Looking at just this - it looks as if Alaska has a huge lead on on-time percentage.
We do know that the total # of flights for each airline isn’t 1:1. Alaska has 3775 total flights, while AM WEST has 7225 total flights.
airline_alaska <- airline_df %>% filter(airline_df$Carrier == "Alaska")
kable(airline_alaska, "html", escape = F) %>%
kable_styling("striped", full_width = F, font_size = 15)
Carrier | location | delayed | on_time | total_flights | ontime_percent | delayed_percent |
---|---|---|---|---|---|---|
Alaska | Los.Angeles | 62 | 497 | 559 | 0.8890877 | 0.1109123 |
Alaska | Phoenix | 12 | 221 | 233 | 0.9484979 | 0.0515021 |
Alaska | San.Diego | 20 | 212 | 232 | 0.9137931 | 0.0862069 |
Alaska | San.Francisco | 102 | 503 | 605 | 0.8314050 | 0.1685950 |
Alaska | Seattle | 305 | 1841 | 2146 | 0.8578751 | 0.1421249 |
airline_amwest <- airline_df %>% filter(airline_df$Carrier == "am west")
kable(airline_amwest, "html", escape = F) %>%
kable_styling("striped", full_width = F, font_size = 15)
Carrier | location | delayed | on_time | total_flights | ontime_percent | delayed_percent |
---|---|---|---|---|---|---|
am west | Los.Angeles | 117 | 694 | 811 | 0.8557337 | 0.1442663 |
am west | Phoenix | 415 | 4840 | 5255 | 0.9210276 | 0.0789724 |
am west | San.Diego | 65 | 383 | 448 | 0.8549107 | 0.1450893 |
am west | San.Francisco | 129 | 320 | 449 | 0.7126949 | 0.2873051 |
am west | Seattle | 61 | 201 | 262 | 0.7671756 | 0.2328244 |
How do these two airlines really compare with on-time flights?

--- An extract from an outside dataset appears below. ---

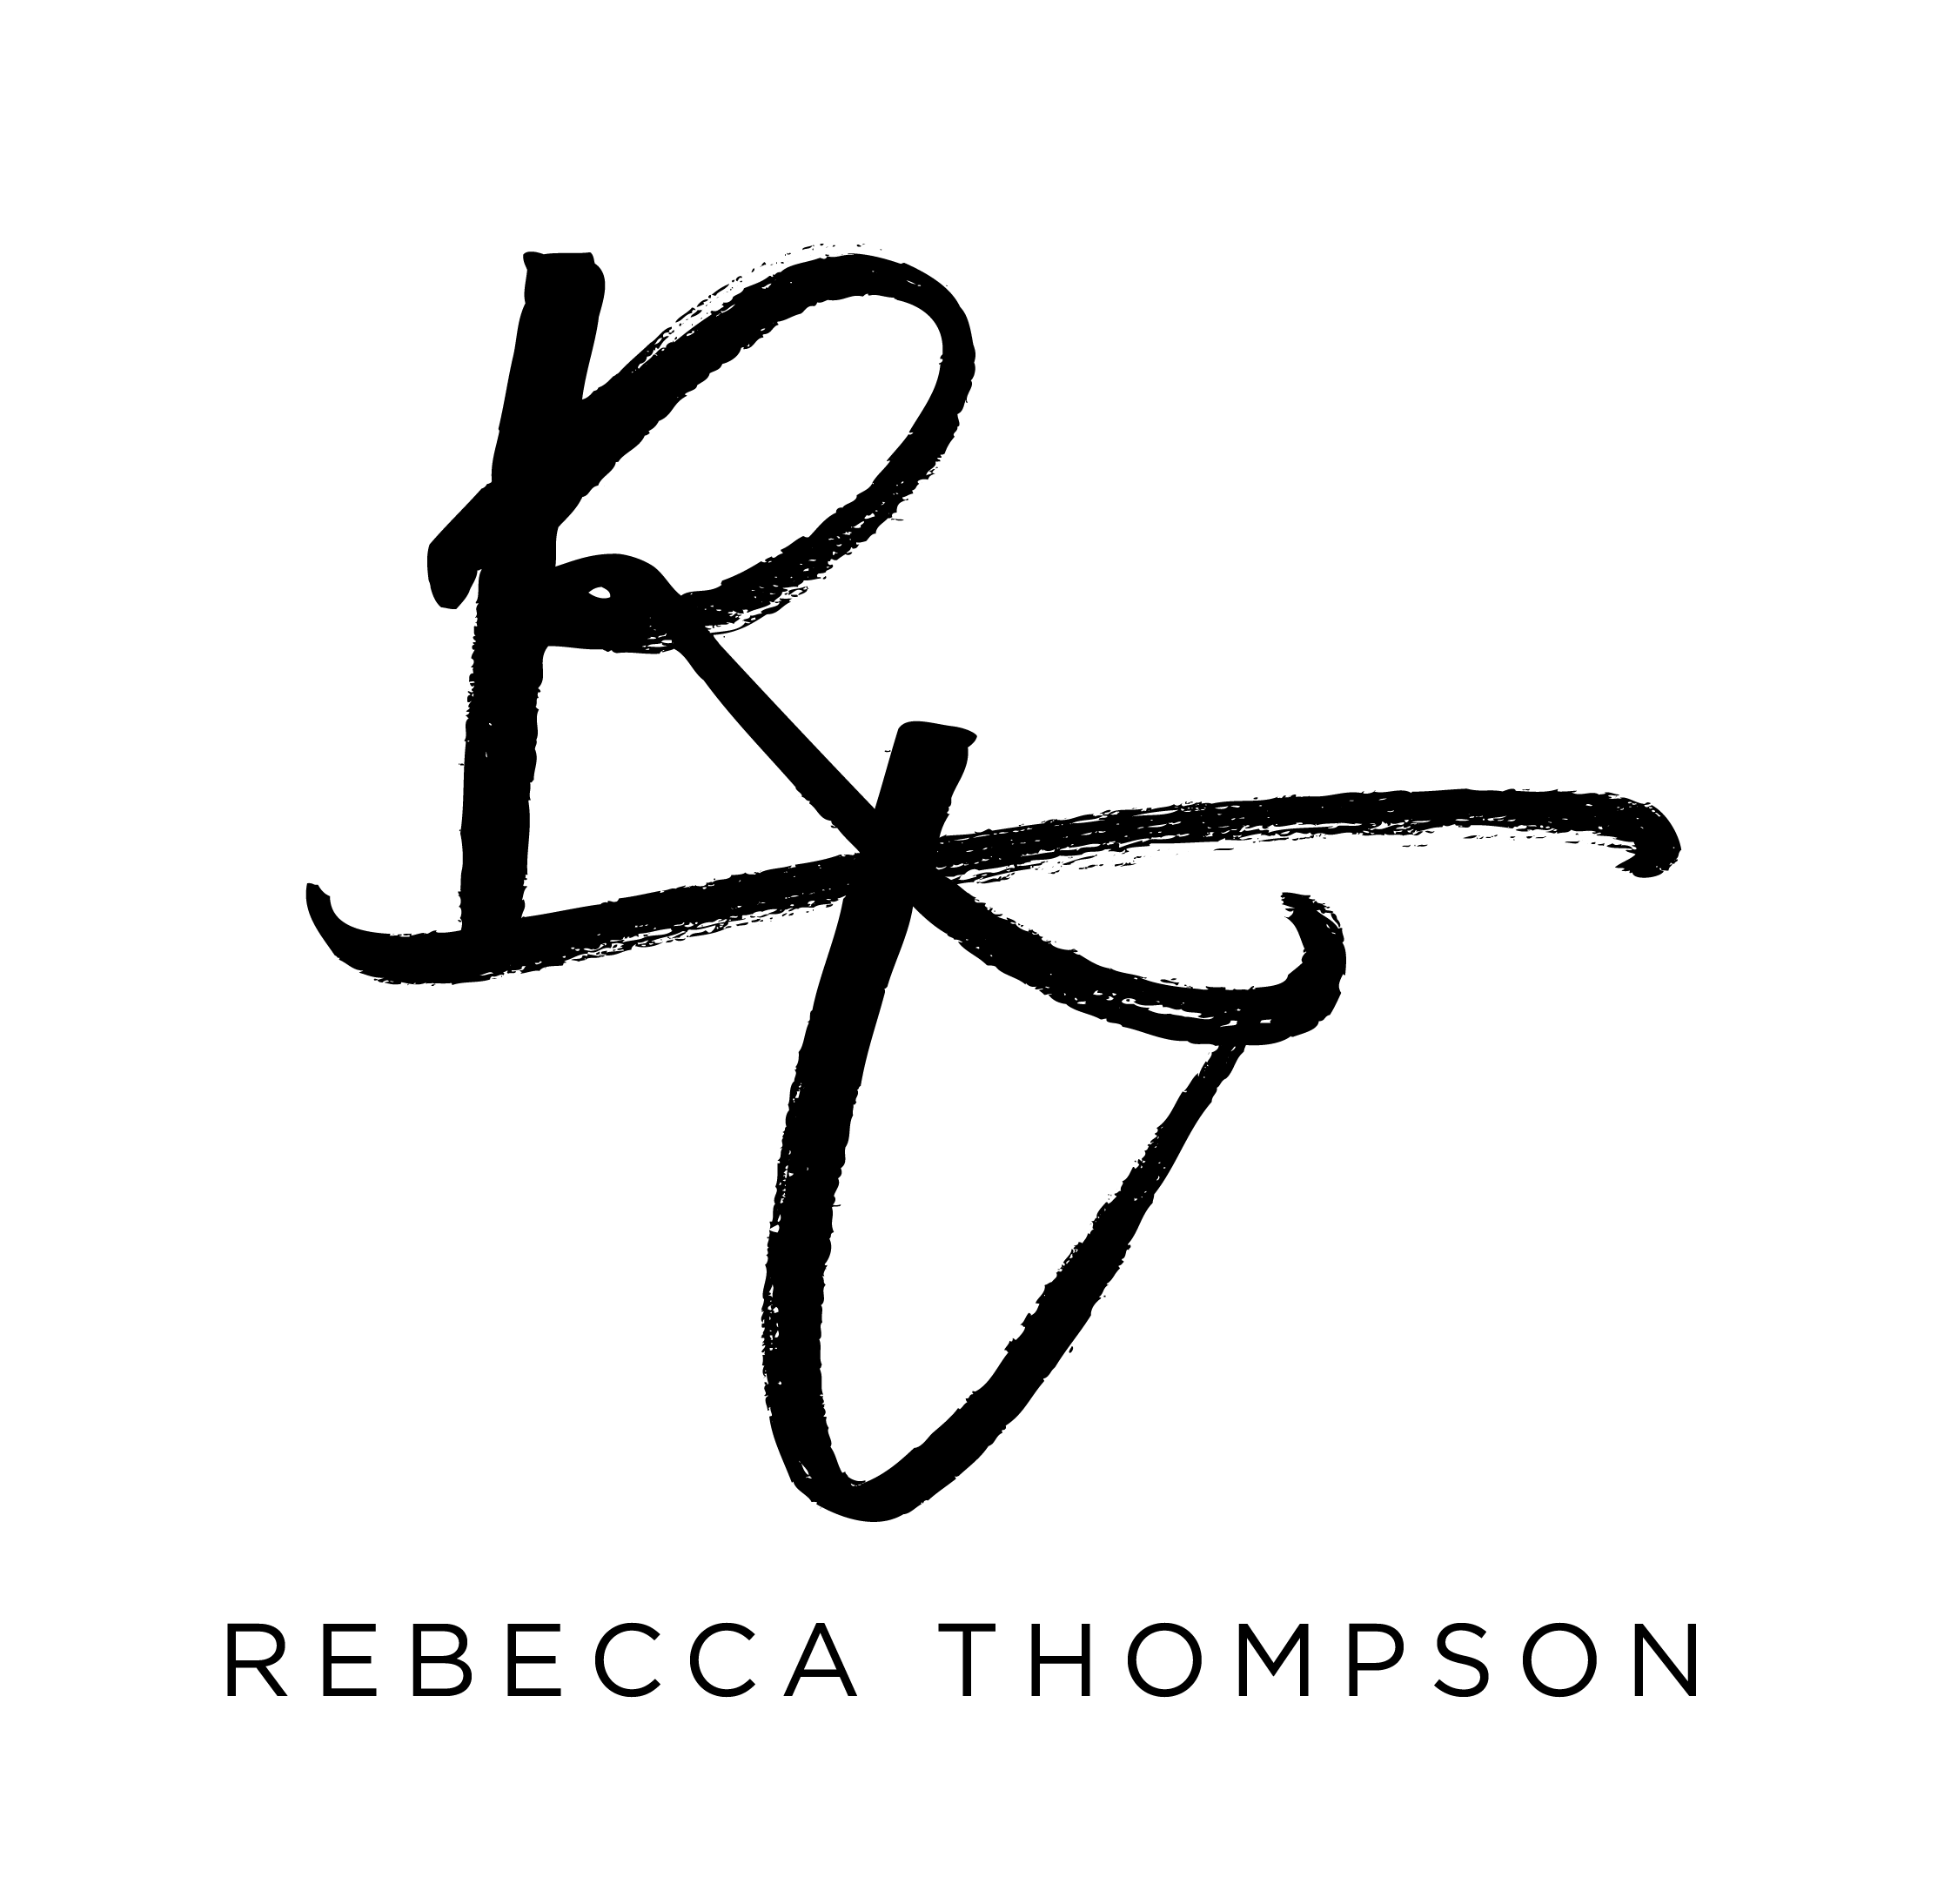 Rebecca Thompson_Logos-07.png

sum(airline_alaska$on_time)
## [1] 3274
sum(airline_amwest$on_time)
## [1] 6438
Looking at the data, it seems that amwest still has more total flights: ontime than alaska does … but we know that the total number of on_time and delayed aren’t equal/1:1
If we take the proportion of on-time flights vs. the total amount of flights they have …

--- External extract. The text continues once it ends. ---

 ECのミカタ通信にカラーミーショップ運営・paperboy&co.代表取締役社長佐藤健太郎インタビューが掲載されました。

alaska_ontime <- sum(airline_alaska$on_time)/3775*100
amwest_ontime <- sum(airline_amwest$on_time)/7225*100
alaska_ontime
## [1] 86.72848
amwest_ontime
## [1] 89.10727
sum(airline_alaska$delayed)/3775*100
## [1] 13.27152
sum(airline_amwest$delayed)/7225*100
## [1] 10.89273
It seems that overall alaska and amwest are close in regards to their on-time and delayed percentage.
Visualization
ggplot(airline_df, aes(airline_df$on_time, airline_df$delayed)) +
geom_point(aes(color = airline_df$Carrier)) +
ggtitle("Number of flights on-time vs. delayed for both Airlines") +
xlab("On-time flights") +
ylab("Delayed flights") +
theme_dark()
ggplot(airline_alaska, aes(airline_alaska$total_flights)) +
geom_histogram(aes(fill=airline_alaska$location)) +
ggtitle("Alaska Airlines - total flights vs. location") +
xlab("Total flights") +
ylab("Count") +
theme_dark()
## `stat_bin()` using `bins = 30`. Pick better value with `binwidth`.

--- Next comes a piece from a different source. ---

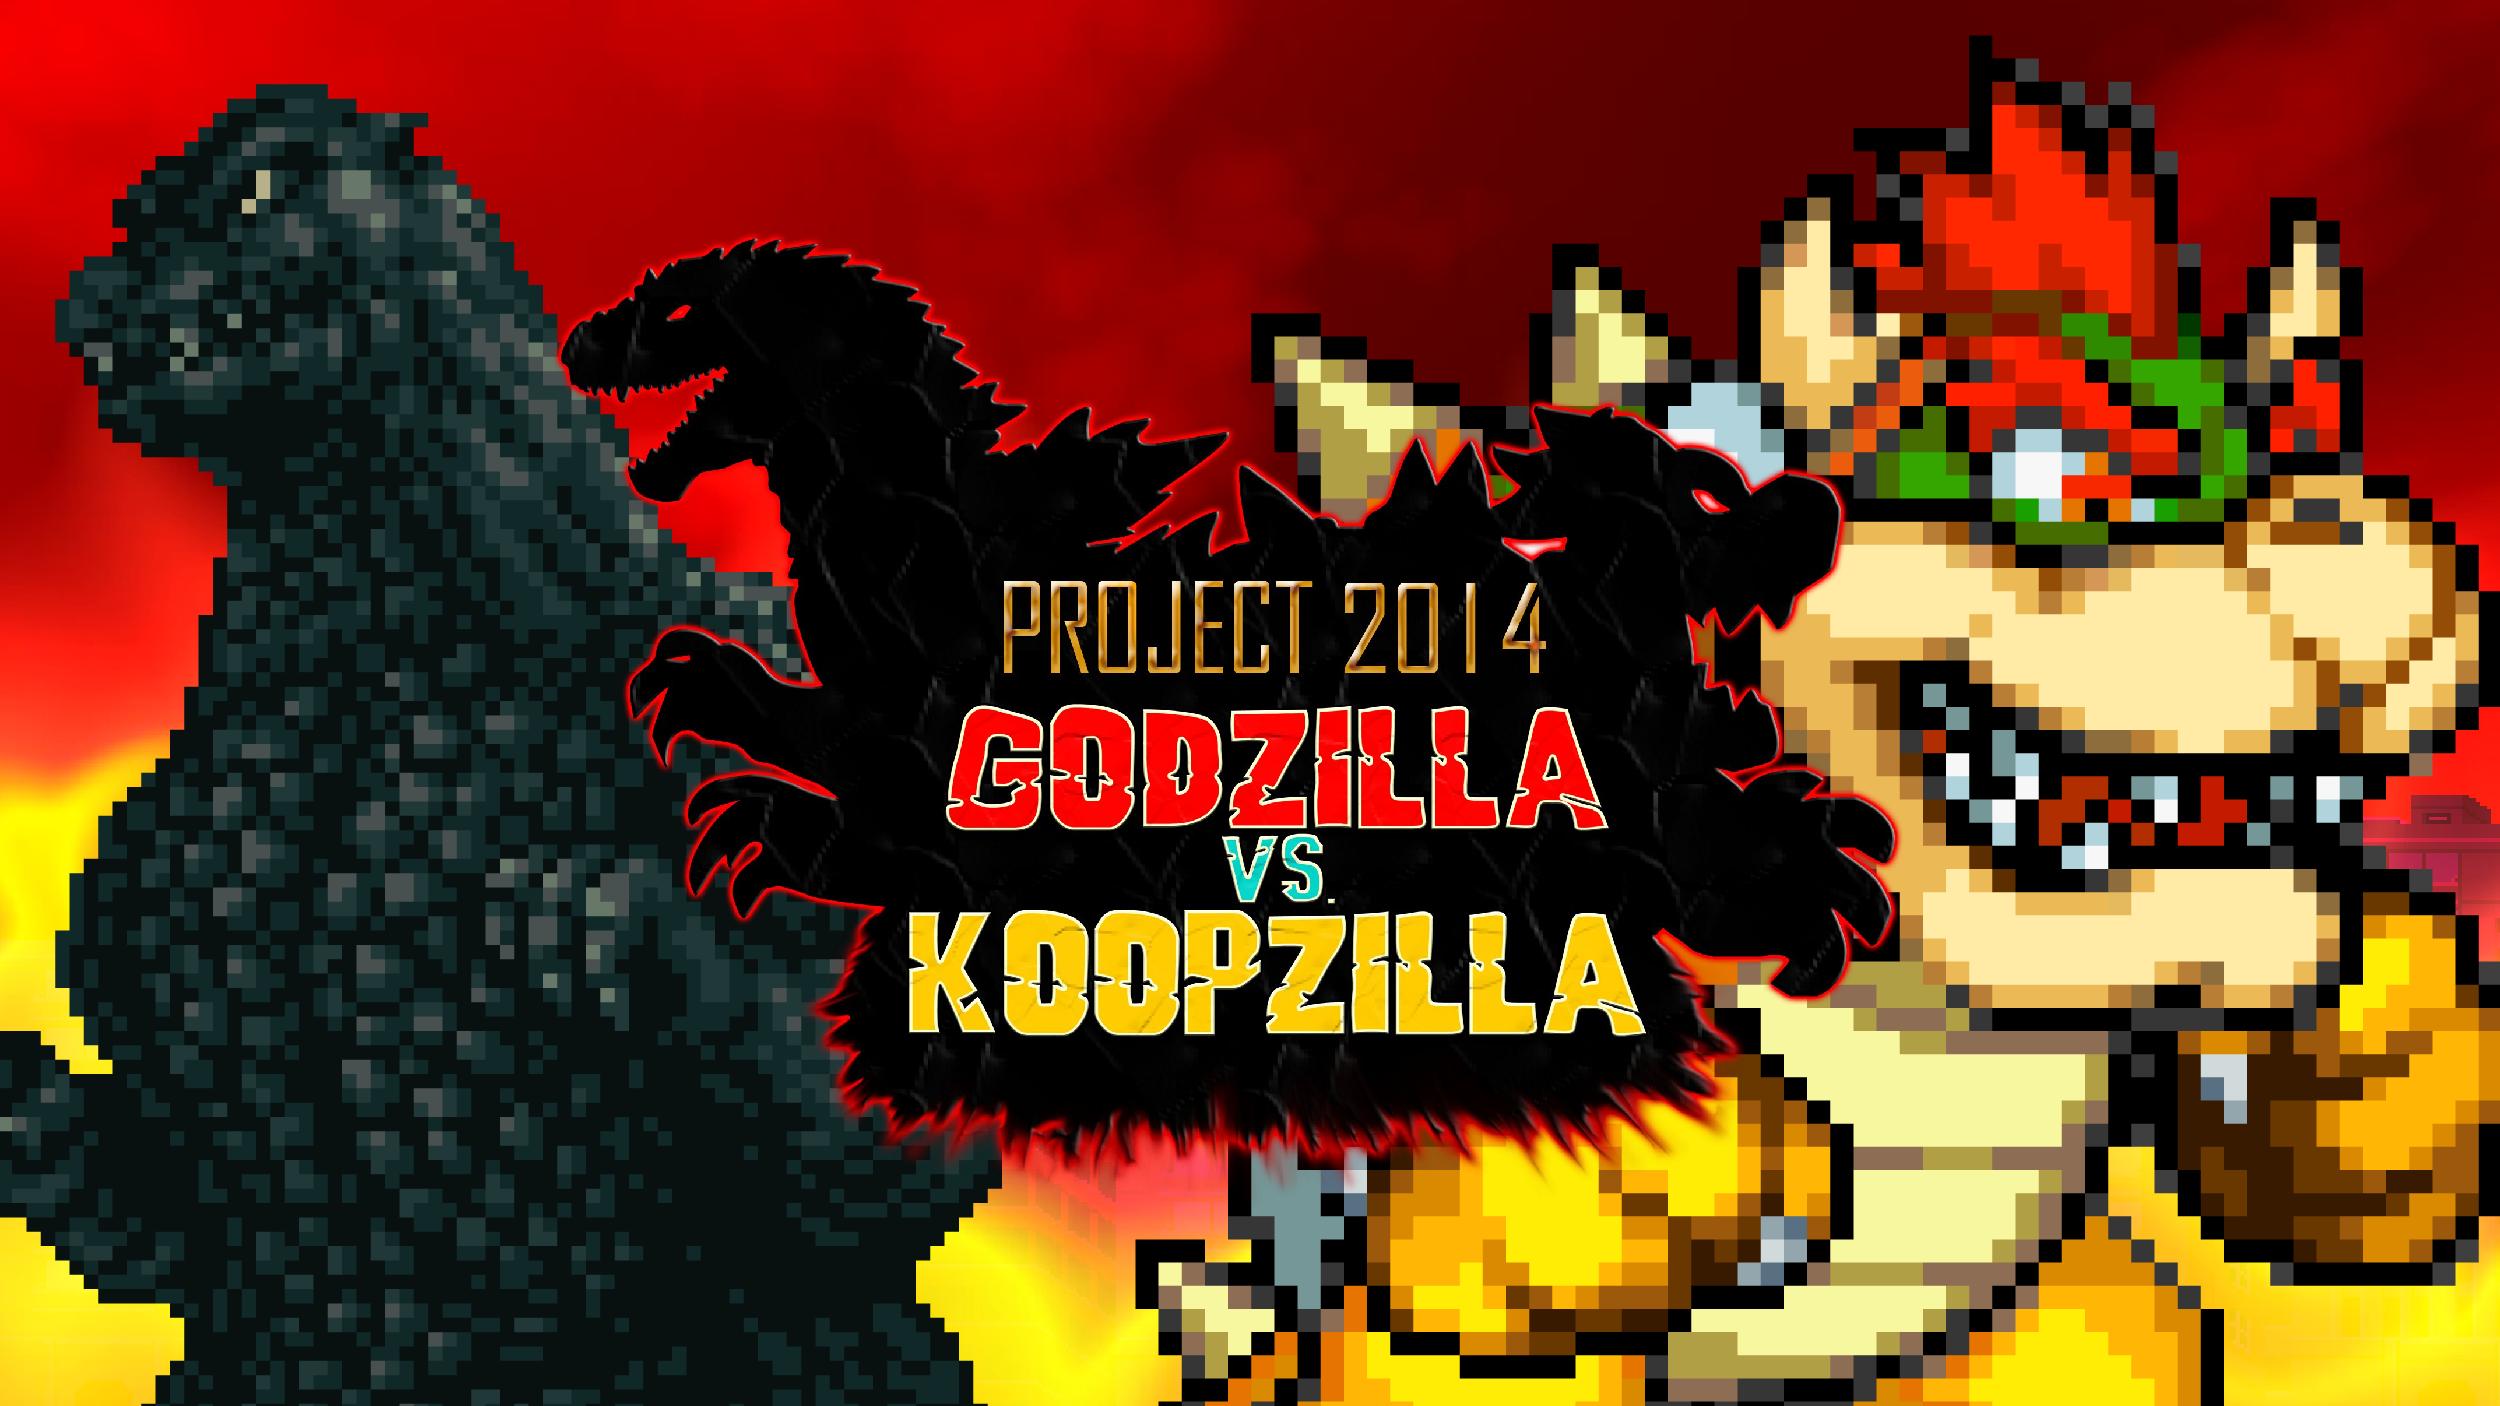 Godzilla vs. Koopzilla Teaser Trailer Pic by KingAsylus91

ggplot(airline_amwest, aes(airline_amwest$total_flights)) +
geom_histogram(aes(fill=airline_amwest$location)) +
ggtitle("AMWEST Airlines - total flights vs. location") +
xlab("Total flights") +
ylab("Count") +
theme_dark()
## `stat_bin()` using `bins = 30`. Pick better value with `binwidth`.
Conclusions:
It seems that in looking at this data, both airlines have a similar on-time and dlayed percentage based on their total number of flights. AM WEST, even though with a slightly lower on-time percentage, almost has double the amount of total flights than Alaska Airlines.